Long horizontal and multi-lateral oil and gas wells provide an attractive option for maximizing reservoir contact. Formate-based brines have been used in drilling and completion operations for more than 10 years. Advantages of these fluids include high density, solids-free brines, better compatibility with XC-polymer, starches, and less potential for formation damage. These advantages were reported in several previous publications.
Filter cake of drilling fluid can act as a barrier to the fluid flow in both cased and openhole wells. Calcium carbonate particles are frequently used as weighting material to maintain the pressure that is required for well control and minimizing leak-off rate. These solid particles become consolidated and trapped in a polymeric material and this makes the filter cake a very effective permeability barrier.
The conventional method for cleaning filter cake is by using solids free formate brines, either by soaking or circulating for many hours at high flow rates. This mechanical technique removes only external filter cake. Chemical means like acids, oxidizers or enzymes are usually used as an alternative method for dissolving both the external and internal filter cake. Most of these fluids cannot give a full coverage to the wellbore due to the formation heterogeneity.
A new precursor (ester of an organic acid) can generate an acid downhole at a low release rate, which results in uniform fluid distribution through the wellbore. Compatibility and thermal stability tests between the precursor solution and formation brine were studied in detail. Return permeability experiments were conducted by using HPHT dynamic fluid loss cells. The ester solution was effective in cleaning the filter cake in comparison to the formate brines.
A field application, where formate brine was used to drill and complete a gas producer in a sandstone reservoir is included in this paper. The gas well was drilled in a weakly consolidated reservoir, and was completed with expandable sand screens (Inconel 825). The bottom hole temperature is 300°F. The produced gas contains 2–3 vol% carbon dioxide and no hydrogen sulfide. Full analysis of flow back samples indicated that most of the returned solids are calcium carbonate. Lab tests indicated that the ester solution can be used to restore well productivity by removing damage induced by the drilling mud filter cake.
Khuff and Pre-khuff gas-condensate reservoirs in Saudi Arabia have been on production for more than ten years. Many of these wells are classified as sour gas producers with hydrogen sulfide levels up to 10 mol% and carbon dioxide at 4–5 mol%., Table 1.1 T-100 is the first 5-? in. deviated gas well in Field T. The targeted reservoir in this well is Unayzah-A reservoir.
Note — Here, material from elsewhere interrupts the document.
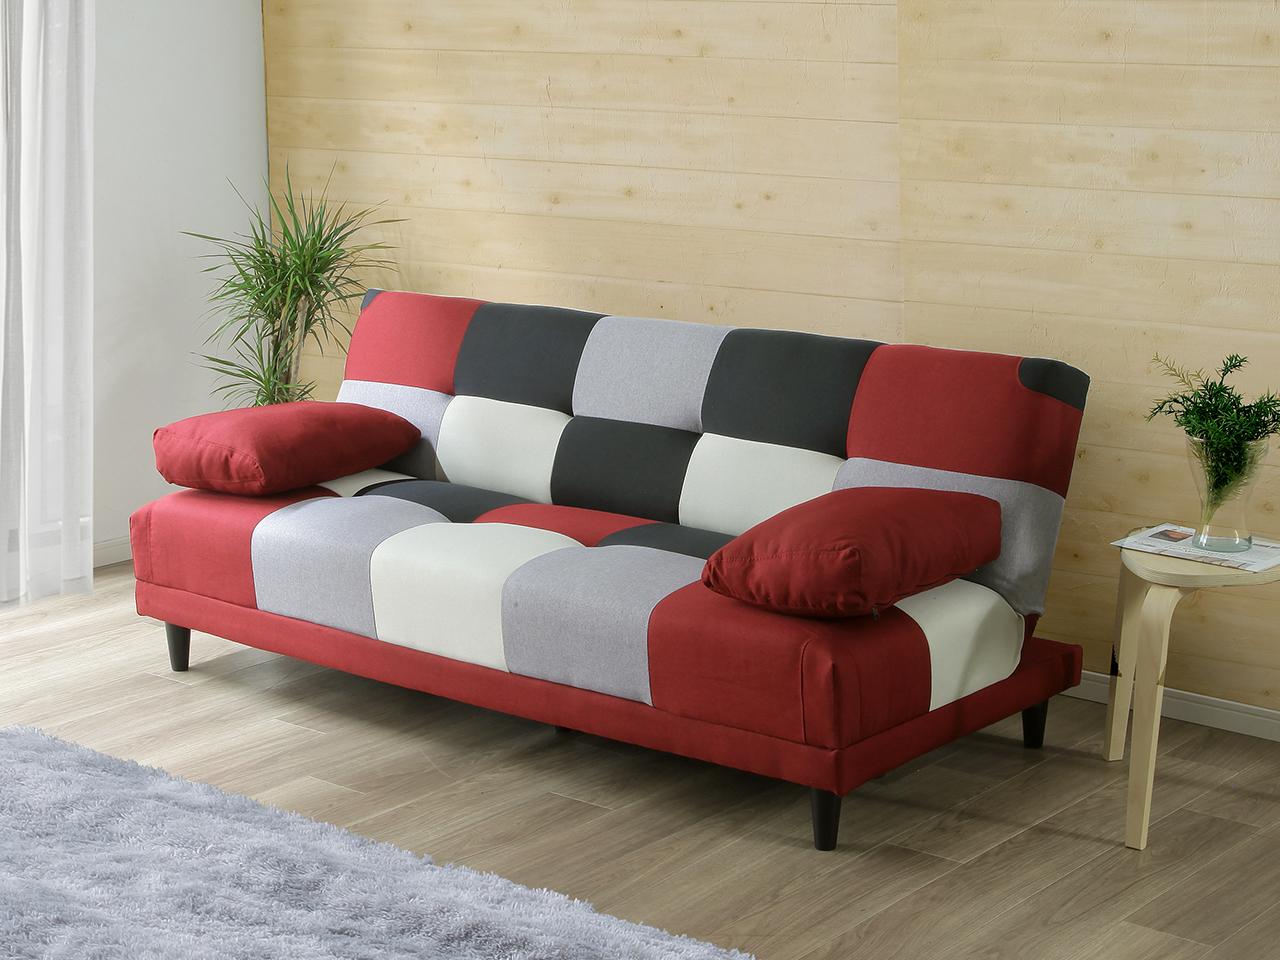 EL330_クッション付き 幅180cm ソファベッド【設置/組立て付き】
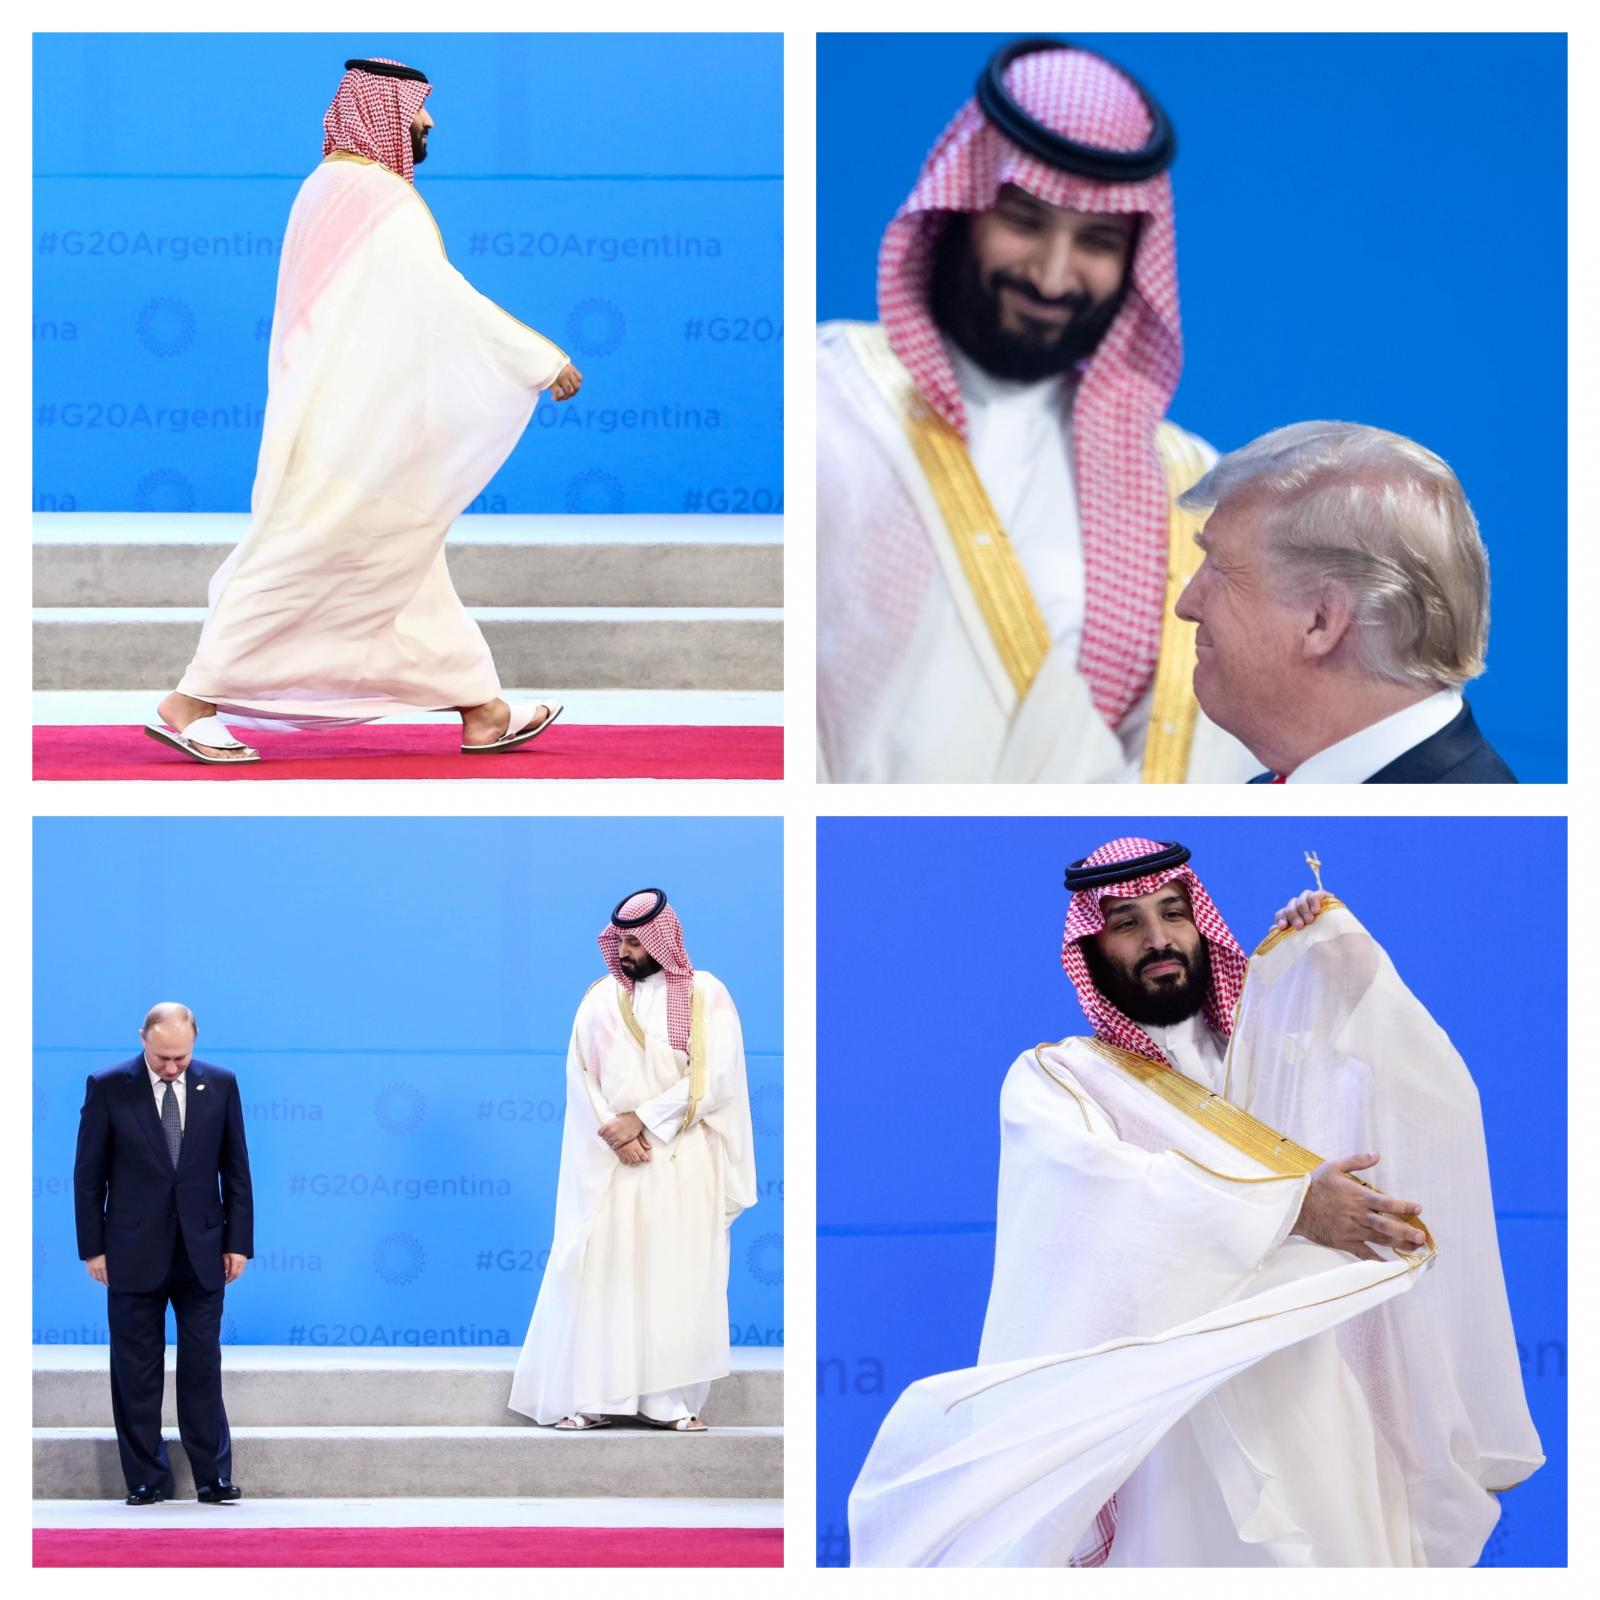 Savdski princ na vhu G20 v Argentini Vir: Pixsell

The gas reservoir is sandstone. The mineralogy of the rock at the subject well was not available, therefore, the mineralogy of an off set well (well T-800) will be discussed. Table 2 shows that the rock contains mainly quartz, clays, and feldspars and carbonate minerals. This mineralogy can affect stimulation efforts in this reservoir in several ways. Clay particles include illite and kalinite. Illite is sensitive to HCl, whereas kalininite can cause fines migration if the drilling or completion fluids have lower salinity than the native formation brines. Illite/smectite mixed clay can cause clay swelling. Potassium chloride is added to both drilling and completion fluids to avoid clay swelling and or fine migration problems. The rock contains carbonate minerals which should be removed if an HF-based acid is to be used to stimulate this formation. The presence of iron-based minerals (ankertie and pyrite) highlights the need to use an iron control agent.
The reservoir temperature and pressure are 300°F and 8,535 psi, respectively. Well T-100 was re-entered, sidetracked, and drilled as a highly slanted well, with an angle of 81o, to a total depth of 16,747 ft measured depth (15,130 ft total vertical depth). The well completion includes 4 in. expandable sand screen (ESS). The ESS was successfully run to a depth of 16,606 ft. This was 141 ft from the bottom, as the screen assembly stopped. The screen could not be pushed any further due to the fragility of the screens with maximum allowable hole drag of 60,000 lb.2 The ESS was then expanded to 6.125 in. OD and 5.125 in. ID down to 16,600 ft, Photo 1. The porosity and permeability core plugs obtained from the subject well were measured; Fig. 1. Expandable sand screen was selected to provide downhole sand control and ultimately will reduce the friction pressure loss and sanding problems. Well T-100 was the second well drilled by using formate-based drilling fluid in Saudi Arabia.